Today has been a long one here in Party Central. The morning started out rough with some serious sickness from the Rock Star. He was crying and moaning that his bottom hurt because the chemical from the chemo had burned his bottom during a bowel movement. I got so upset but I did not have time to wallow in my own pity because Pops and I were focused on keeping our boy comfortable. He had already thrown up on Mike and then when Mike stepped out to get his shower that is when he had a rough time with us.
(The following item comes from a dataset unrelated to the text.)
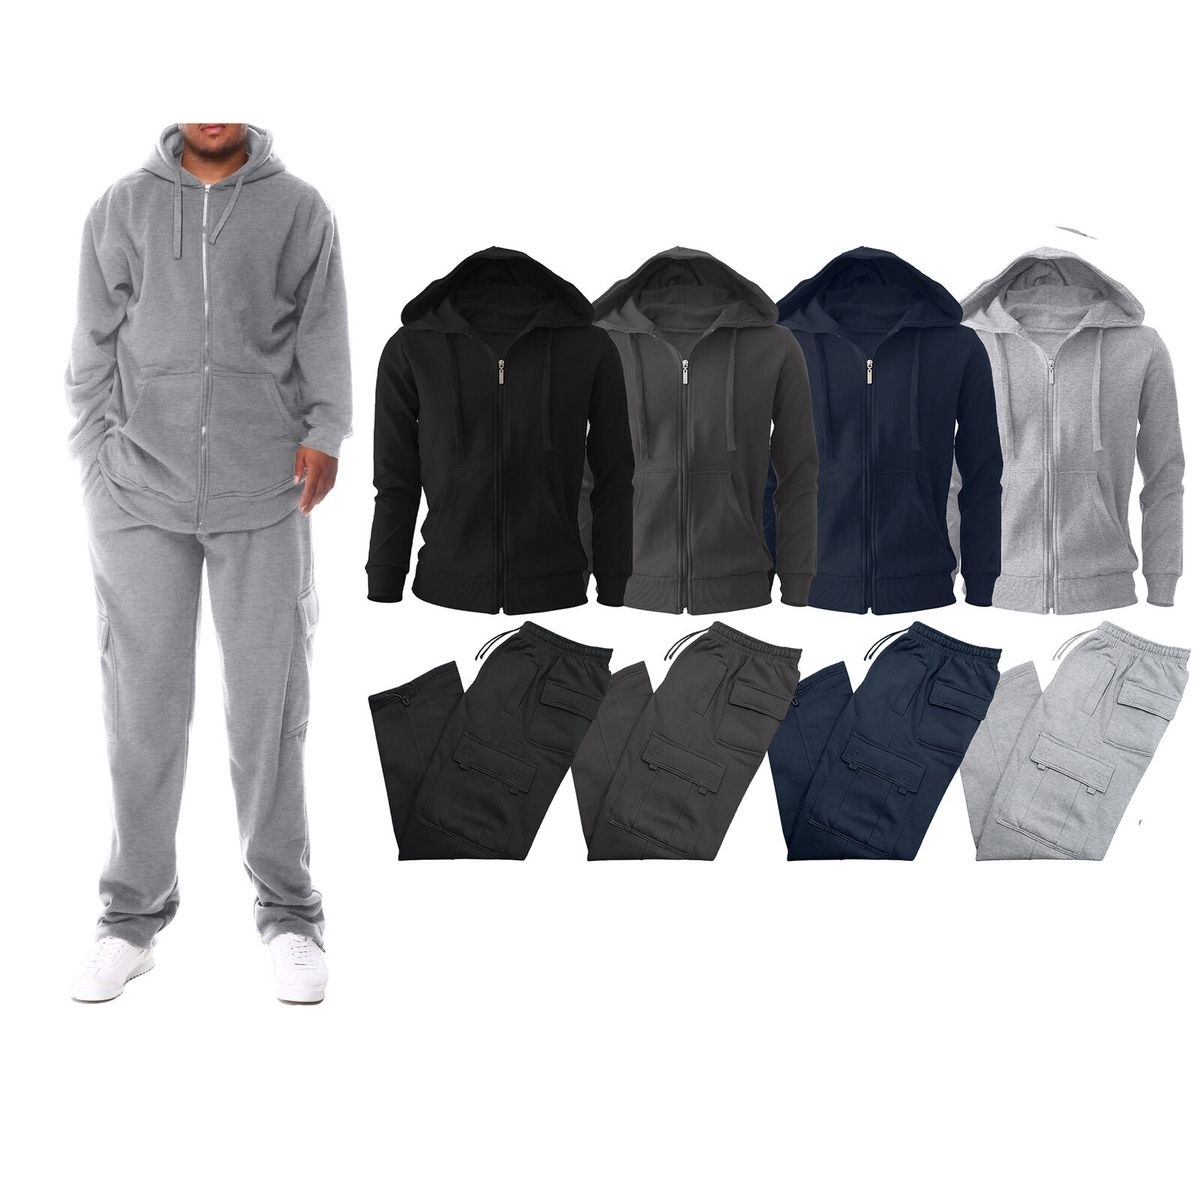 Multi-Pack: Men's Big & Tall Winter Warm Athletic Active Cozy Fleece Lined Multi-Pocket Full Zip Up Cargo Tracksuit - Charcoal, 1-pack, Larg

Finally after a big bowel movement (sorry if this is too much info) he fell fast asleep and napped well. He woke up a different boy and has been a happy clam this evening. We are all over his eating and drinking and we finally coerced/bribed him to eat four chicken nuggets, a salad and a few sips of his shake. Anything we can get in him is awesome. The nutritionist is all over his case monitoring his intake so he will not lose more weight.
I will admit that this morning while he was moaning and so pitiful I was rattled. It was really the first time that I was frustrated at myself for being so weak. My baby was in pain and I just wanted to lay in the floor with him and cry. But, this is so not about me so I prayed silently and urgently for strength and once again God's grace was sufficient. Several folks started texting me mid-afternoon when I had not updated blog or facebook with an update. I was a rattled and scared Momma watching my baby be sick. One of the nurses (one of our favorites) came and talked to me tonight and really encouraged me that we are being good nurses to our Rock Star. Just a few words of encouragement meant so much and once again God provided me with some much needed words of encouragement.
Tomorrow he will do a trial run radiation session. His official radiation will start Thursday, but tomorrow they will sedate him (with the Michael Jackson drug) and then they will mark his abdomen as to where to radiate. They must sedate him so they can keep him still enough to radiate exactly where they need to. I am anxious about the radiation but I am at total peace that this is the right treatment option. I hate for him to endure additional treatments, but I keep cheering that old school cheer of ''be aggressive'' about this nightmare. You only get one chance to treat it the first time, so Mike and I want them to hit it hard.
Tonight I ran into Old Navy to buy a few Christmas presents. The lady in front of me had two cute girls probably around age 8. The girls were buying matching outfits for twin day tomorrow at their school. I just wanted to bawl out of jealousy. I know it is totally trivial and one day soon I too can shop for something fun and frivolous, but tonight was the first time that I had a pity party. I was buying additional underwear for David because he keeps getting sick and we keep running out and she was buying cute Hello Kitty shirts:) I know there will be more moments like tonight where exhaustion and fear overcome me, but Rock Star and I just keep singing our current favorite song of ''Our God'' You cannot be sad when you are rocking out with your seven year old to some christian praise music!!!
So tonight I am at the RMH house doing some laundry and I have my sassy pink bible with me. I am clinging to the promises in God's word knowing that he knows the fear and desperation in my heart. He knows how much I love David and amazingly He loves him even more. He too was sad when David was uncomfortable today but he keeps whispering in my ear to ''be still dear Laura and know that I am God."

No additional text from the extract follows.